* **Exercise data**:

══════════════════════════════

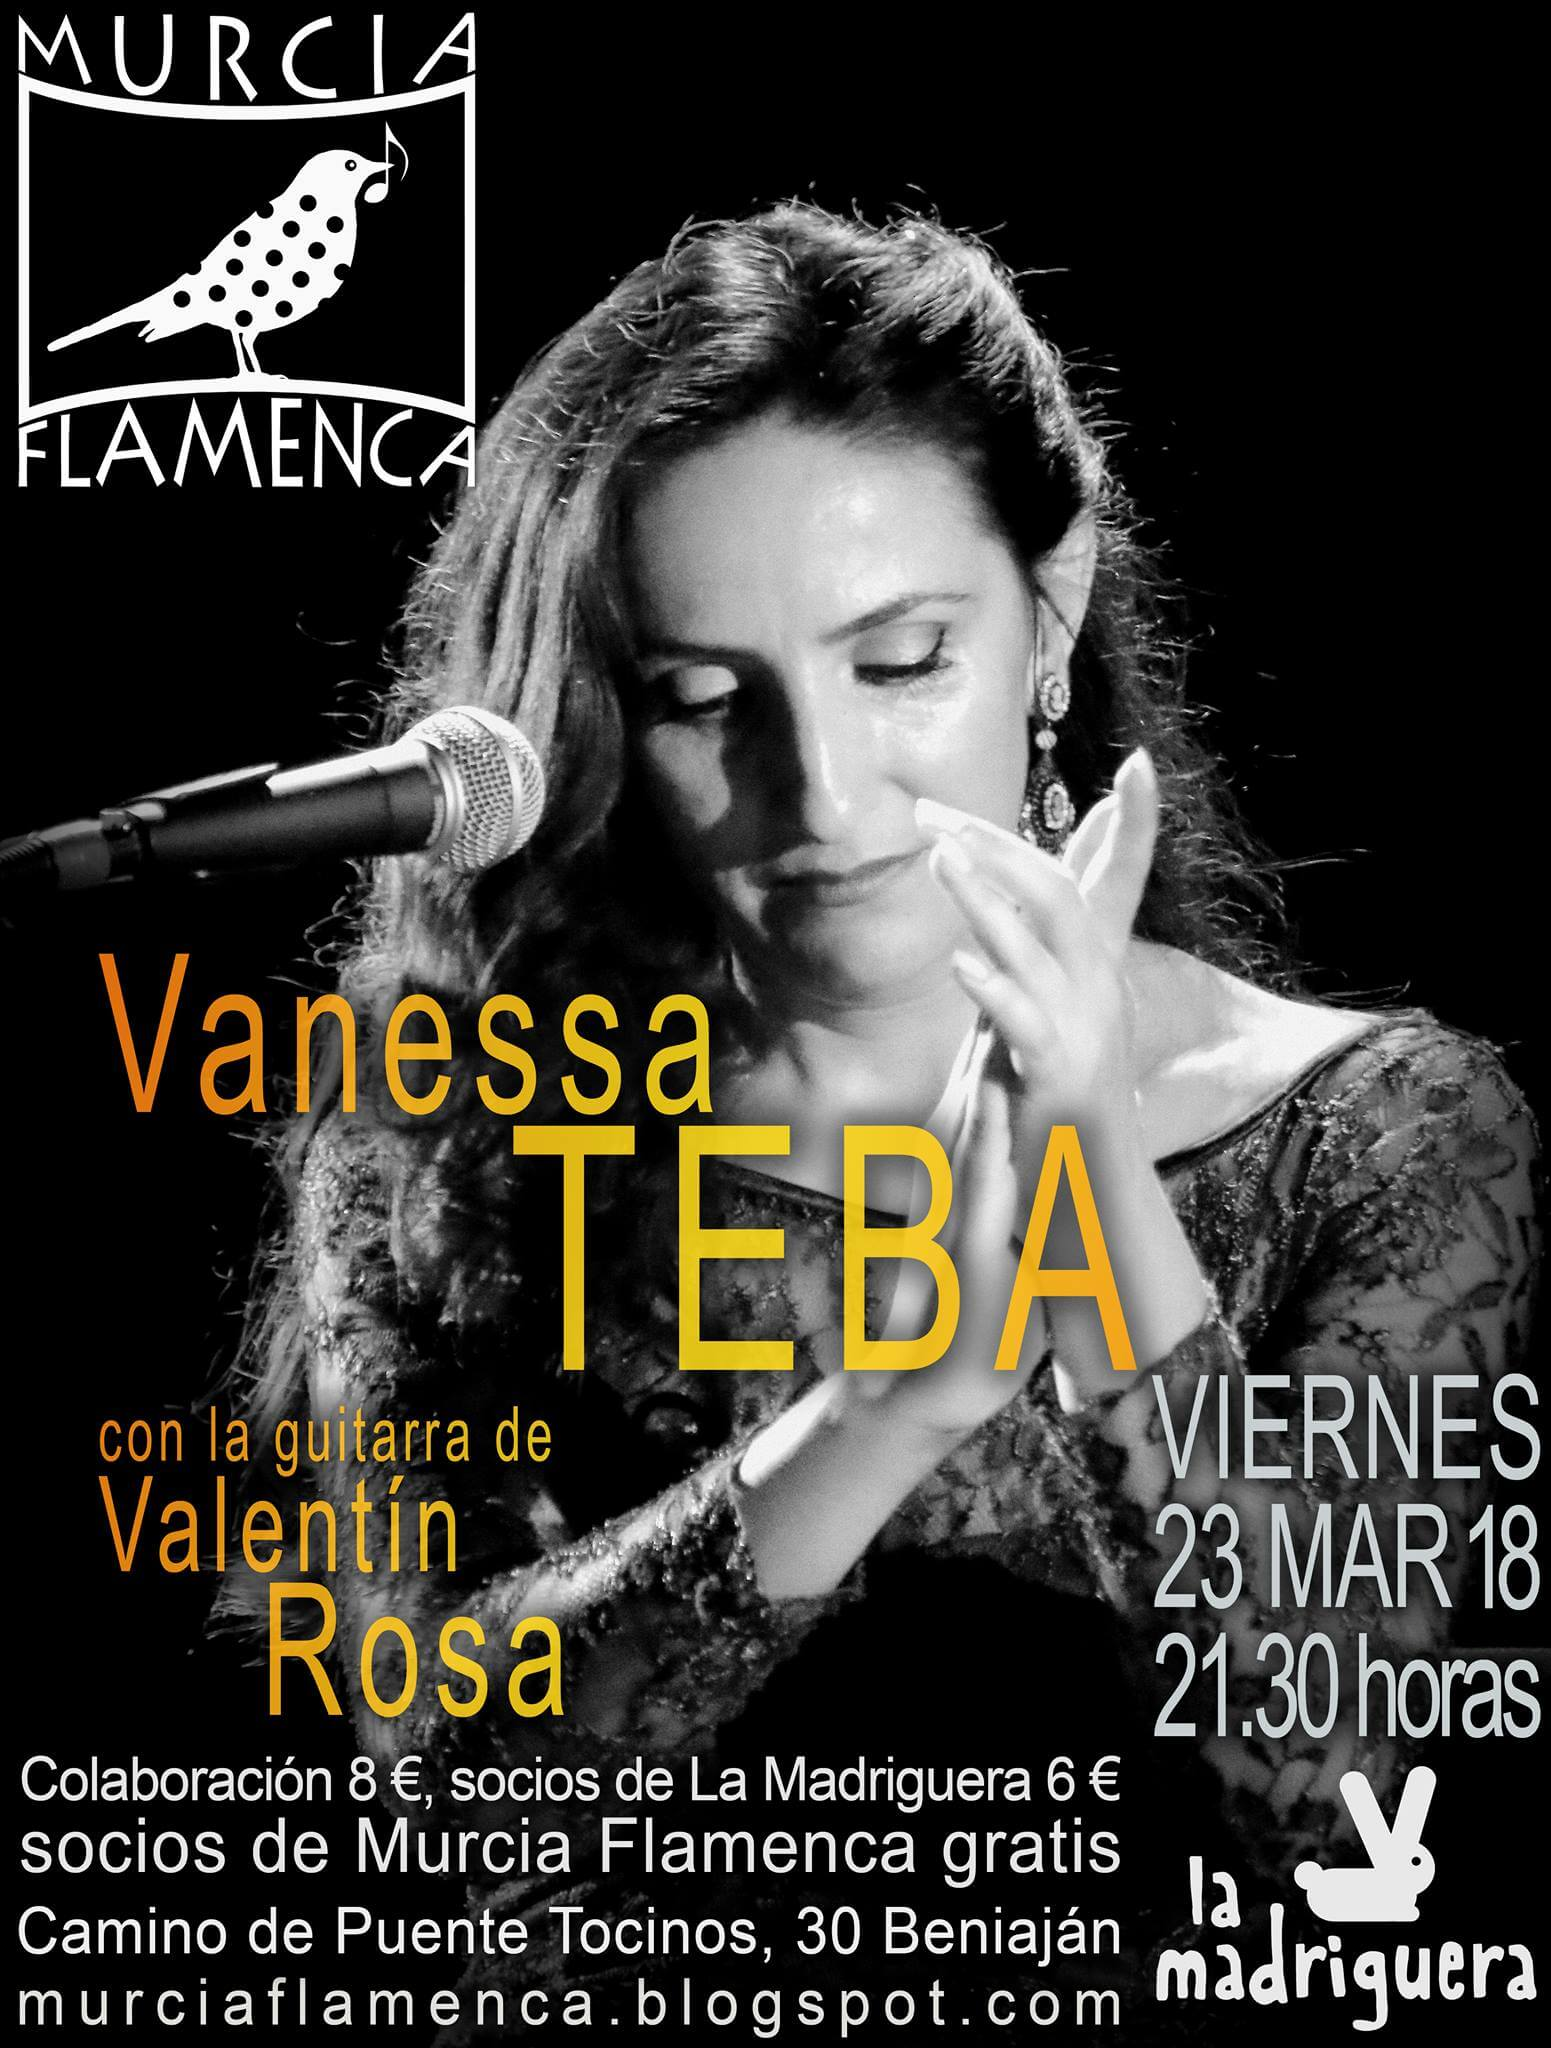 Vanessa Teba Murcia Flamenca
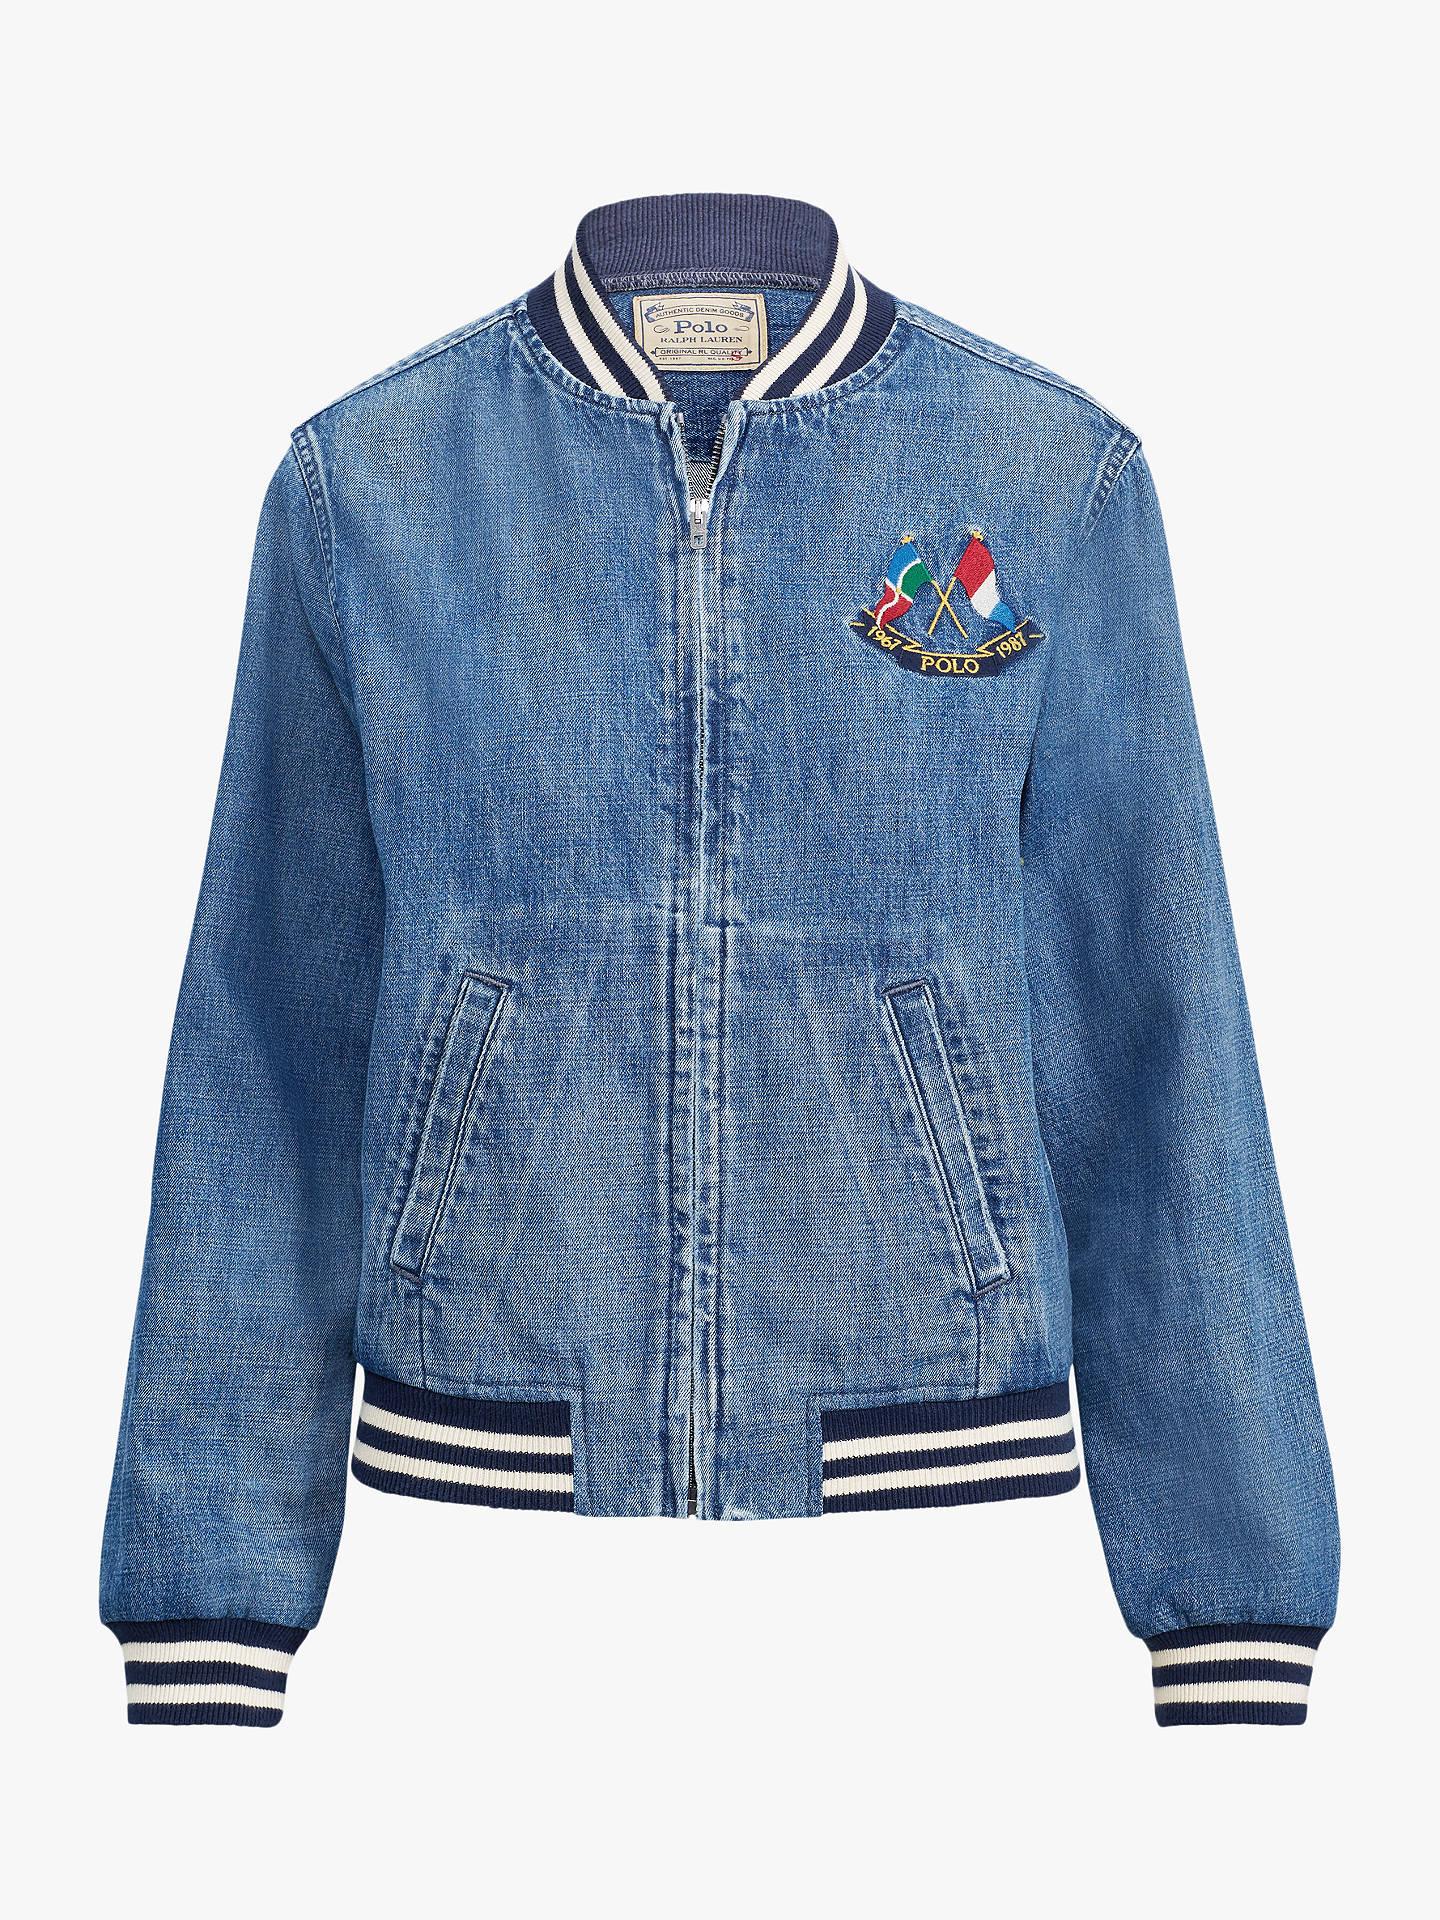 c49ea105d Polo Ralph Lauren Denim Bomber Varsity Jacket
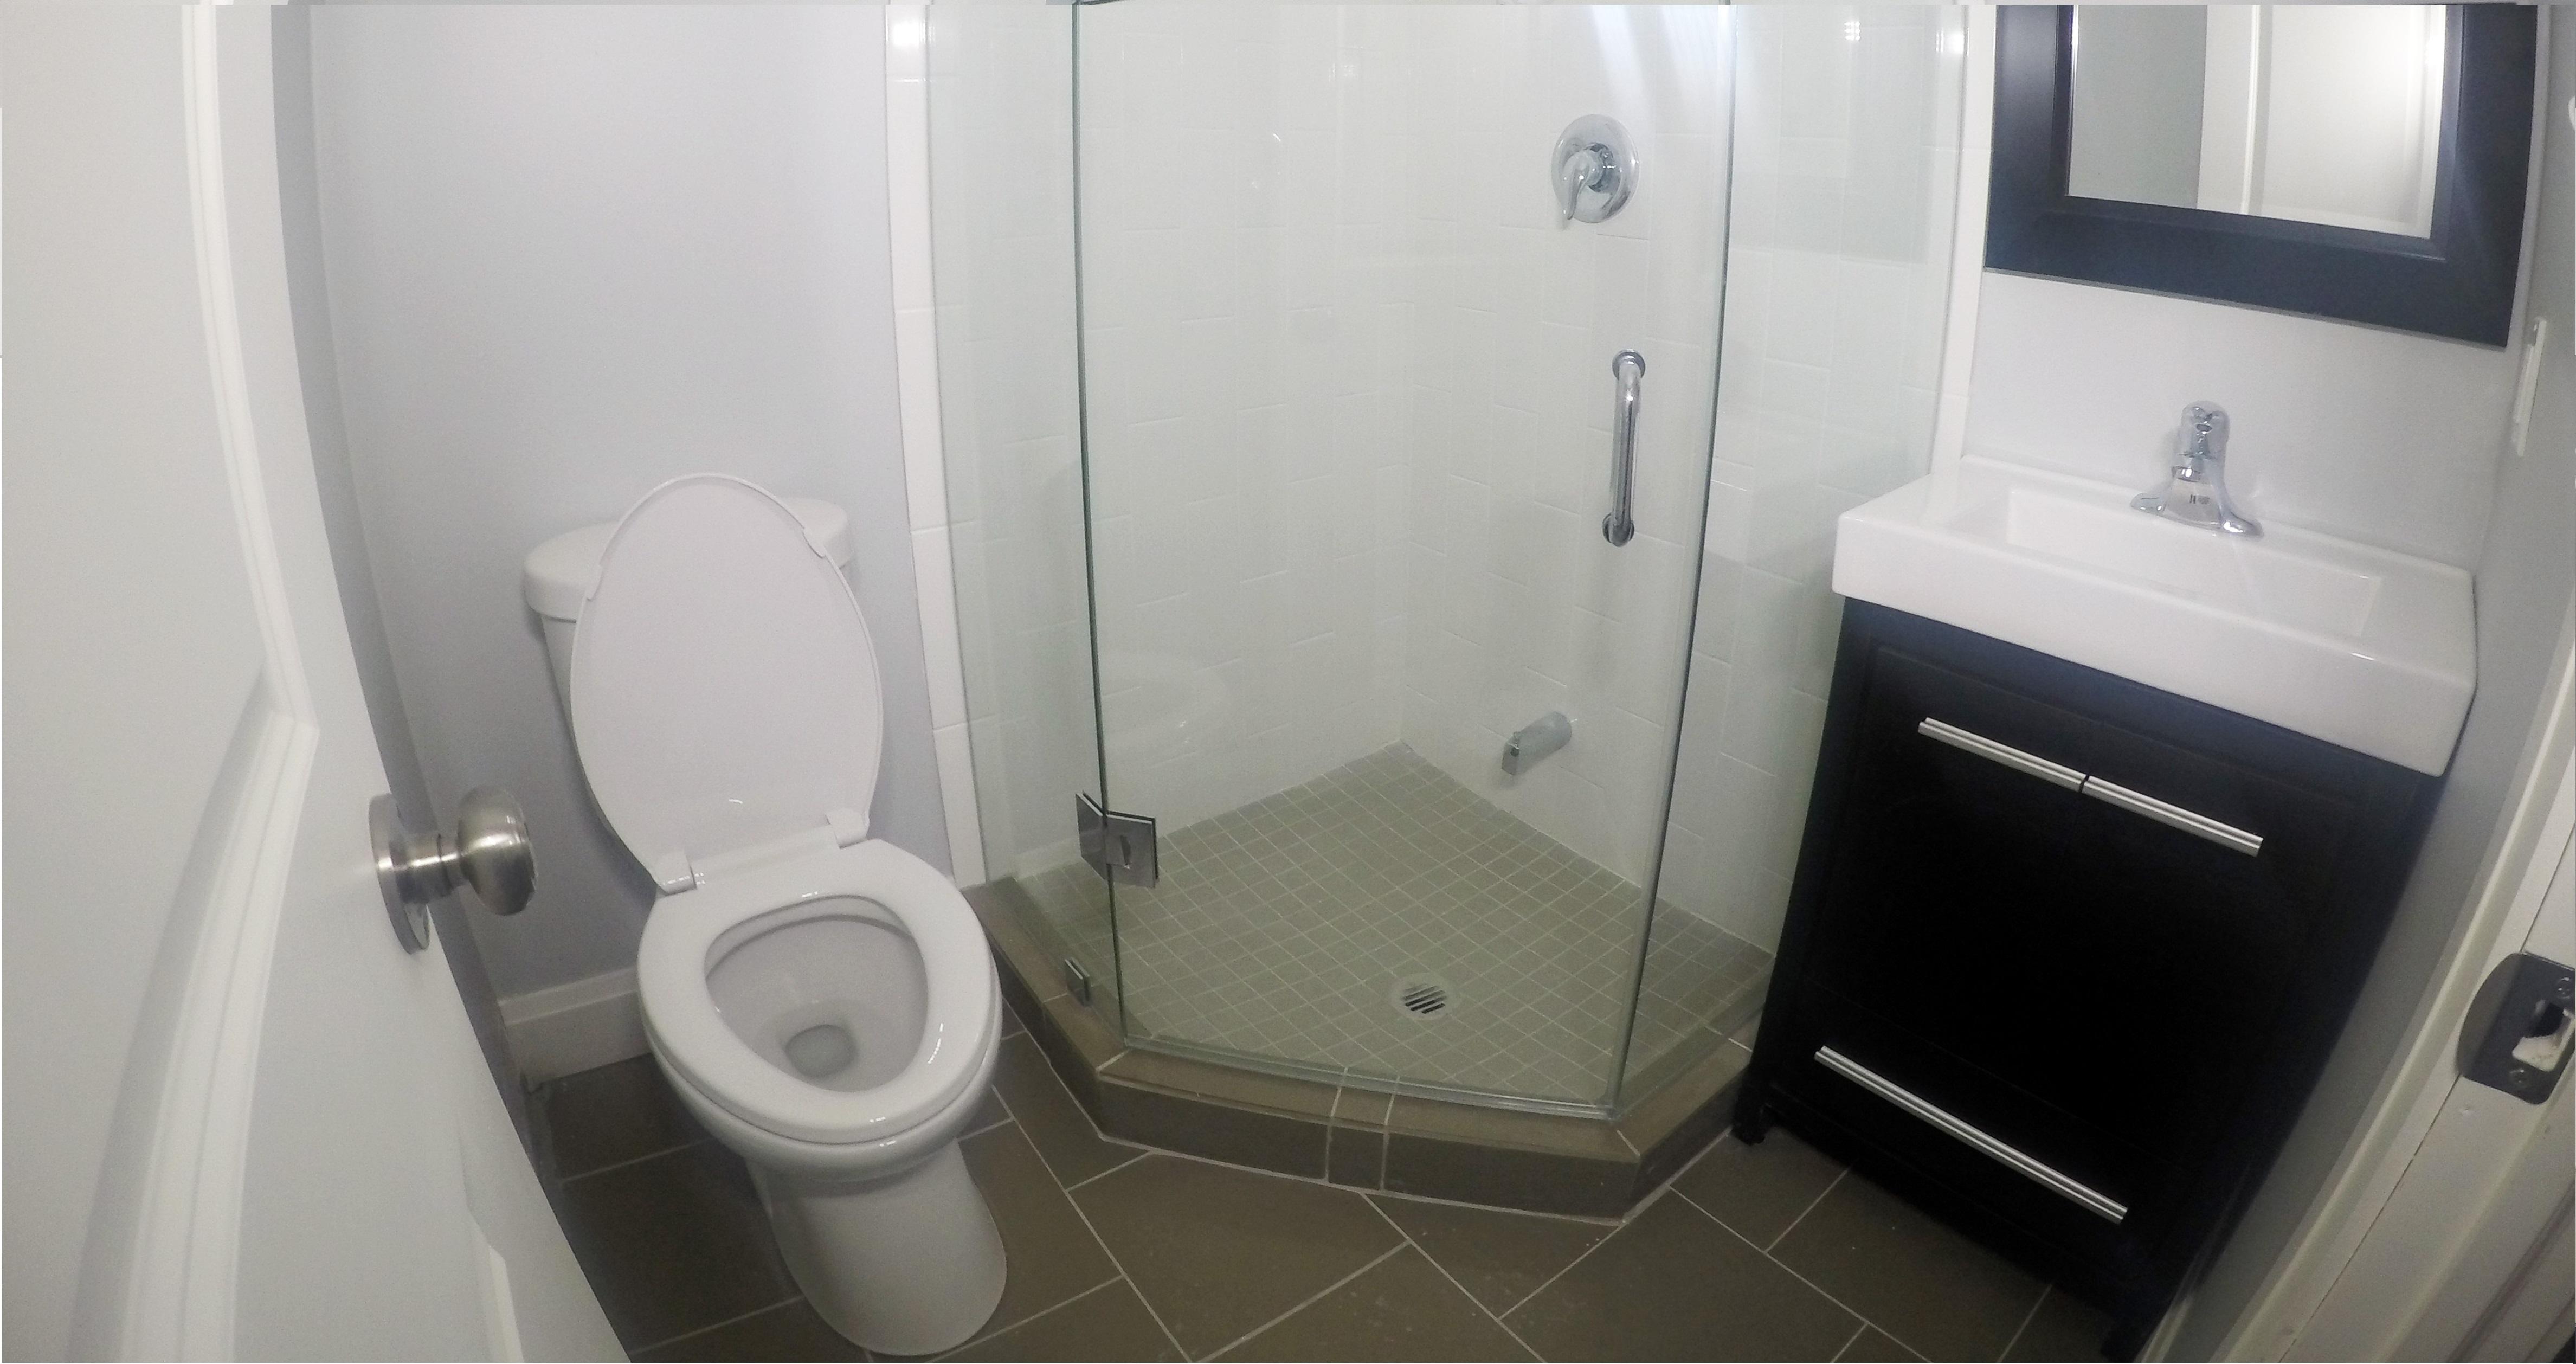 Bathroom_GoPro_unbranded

══════════════════════════════

* **What you should do**: Copy out all of the material exactly as written, without its pictures.

* **Result**:
 Vanessa Teba Murcia Flamenca
 c49ea105d Polo Ralph Lauren Denim Bomber Varsity Jacket
 Bathroom_GoPro_unbranded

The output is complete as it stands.